I would appreciate any help or advice you could give me.
MK

(4 of 4)
Author: Wynne Harlen

MK,
I gather that you are working with young children some at least of whom don’t bring a particularly rich experience to the classroom.

It is certainly part of the role of the school to provide lots of experience for the young children – to allow them to explore freely and to talk to each other so that they articulate their ideas and hear about others’.

The grouping of the process skills into linking and checking processes was not intended to be hierarchical – one coming before the other. I think that all the processes are developmental and that even young children can be helped to make a start at the early stages of developing the ability to make predictions and to investigate.

For example, you can encourage children to say what they think might happen if they do something and gradually ask them to say why they think this and encourage them to use evidence rather than preconceived ideas. They can then think about what they would do to see if their prediction is really what happens.

The early stages of planning and conducting investigations are to start with a general approach even if details are lacking. And of course they can talk about what they are doing and the ideas they have about it and be encouraged to listen to others’ ideas and look at what others have found. So its important not to expect the ‘full blown’ skill to be shown all at once.

If you don’t start somewhere, however, the more sophisticated forms of the processes won’t develop. But you are right in thinking that there are activities that are particularly appropriate for young children whose characteristic ways of thinking are limited because they:

  • need to carry out actions to see their result rather than 'think through' them.
  • look at things from only one point of view, their own.
  • focus on one aspect of an object or situation at a time.
  • identify only parts of a sequence of events.

They are likely to remember the first and last stages in the sequence, but not the ones in between. These points have clear consequences for the sorts of activities the children will be able to learn from. The children's limitations are obvious. It will be no use expecting them to see patterns in events until they have begun to connect events in a sequence.

The notion of a cause being related to an effect is still developing, so the idea of separating two or more variables to test the effect of each separately is still a long way off. Their limited experience will mean that their ideas tend to be based on few very specific instances, selectively observed, having little explanatory power as far as new experience is concerned.

Equally clear are the indications for the kinds of experience that are appropriate at this age. Action and thinking are closely related to each other, reflecting their even closer identification at an earlier, preschool, stage. Thus they need to be able to act on things, to explore, manipulate, describe, sort and group them.

First-hand experience and exploration of objects in their immediate environment is the chief aim of teaching science to children at this early stage. The content of the activities is therefore found in what is around the children and suitable topics start from everyday events.

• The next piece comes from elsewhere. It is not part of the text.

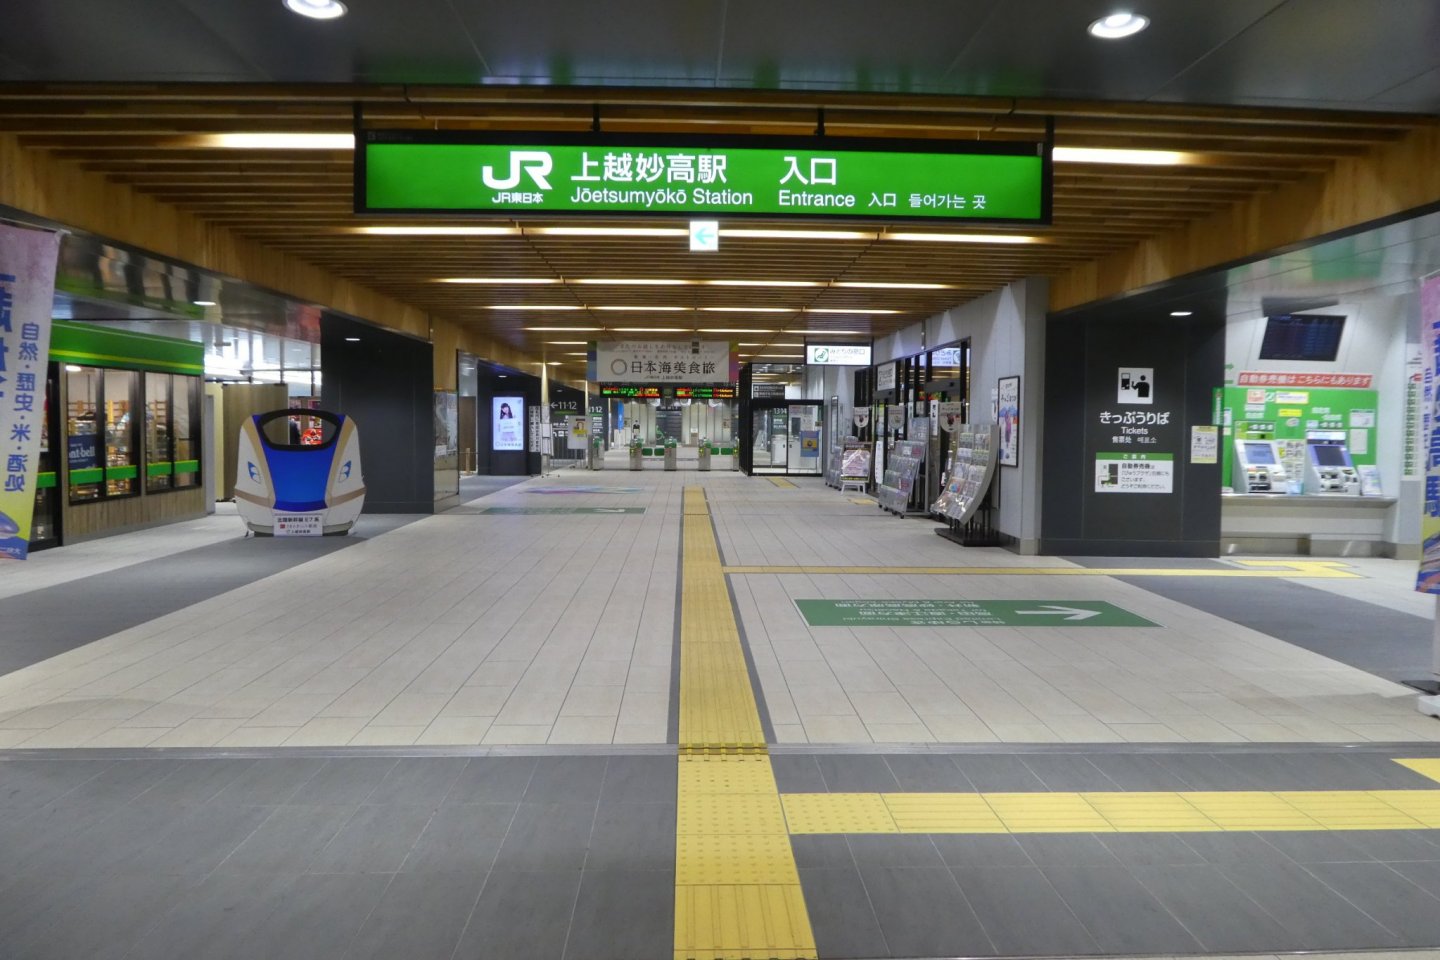 Joetsumyoko Station was opened in 2015
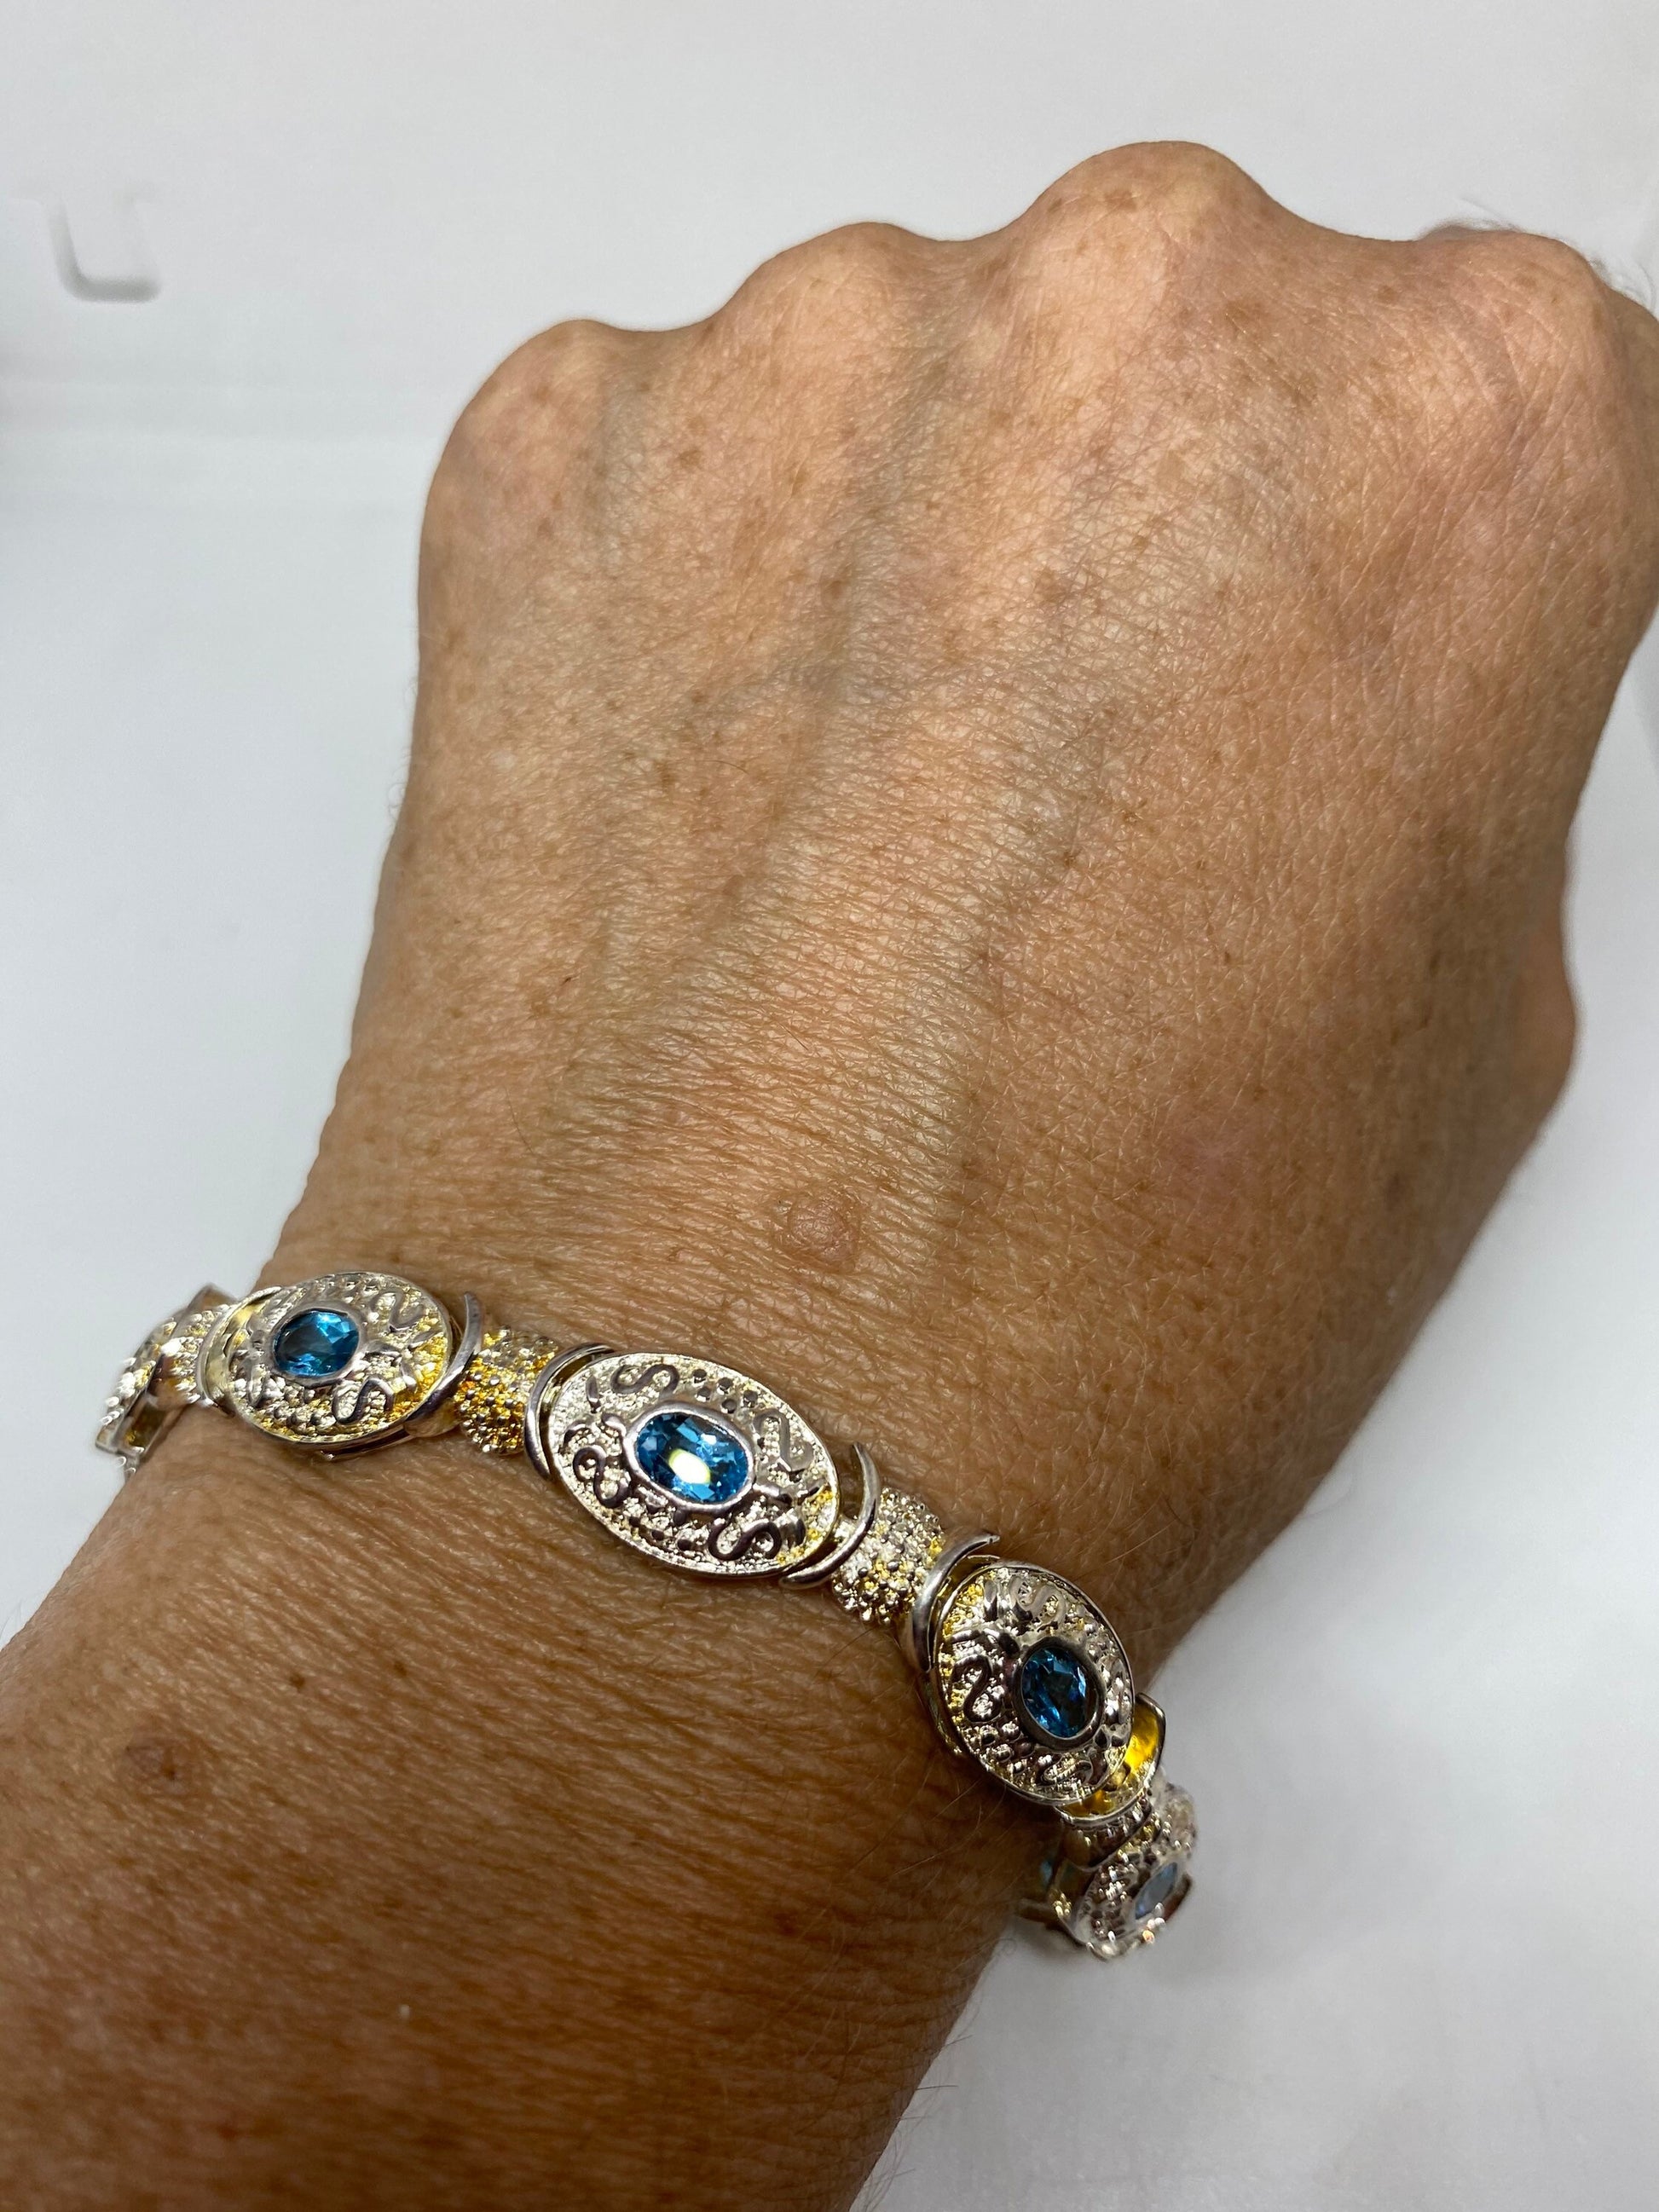 Vintage Blue Topaz Bracelet 925 Sterling Silver 7.5 Inch Tennis

When the children have had plenty of experience of acting on things and using the skills they already have with success, they will become able to replace some action by thought and they are then on the way to rational thinking and the development of higher-levels of process skills.

Appropriate activities include plenty of:

  • looking, handling, using other senses on material collected and displayed in the classroom
  • watching, standing and staring at things in their natural state in the immediate neighbourhood
  • collecting things and sorting them
  • trying things out
  • making things, particularly models, that in some way 'work'
  • taking things apart and reconstructing them
  • talking about what they have observed and sometimes recording it in pictures and models and in words when they can
  • discussing their ideas and trying to think of explanations for things they have noticed.

Hope this helps to confirm your own thinking, MK.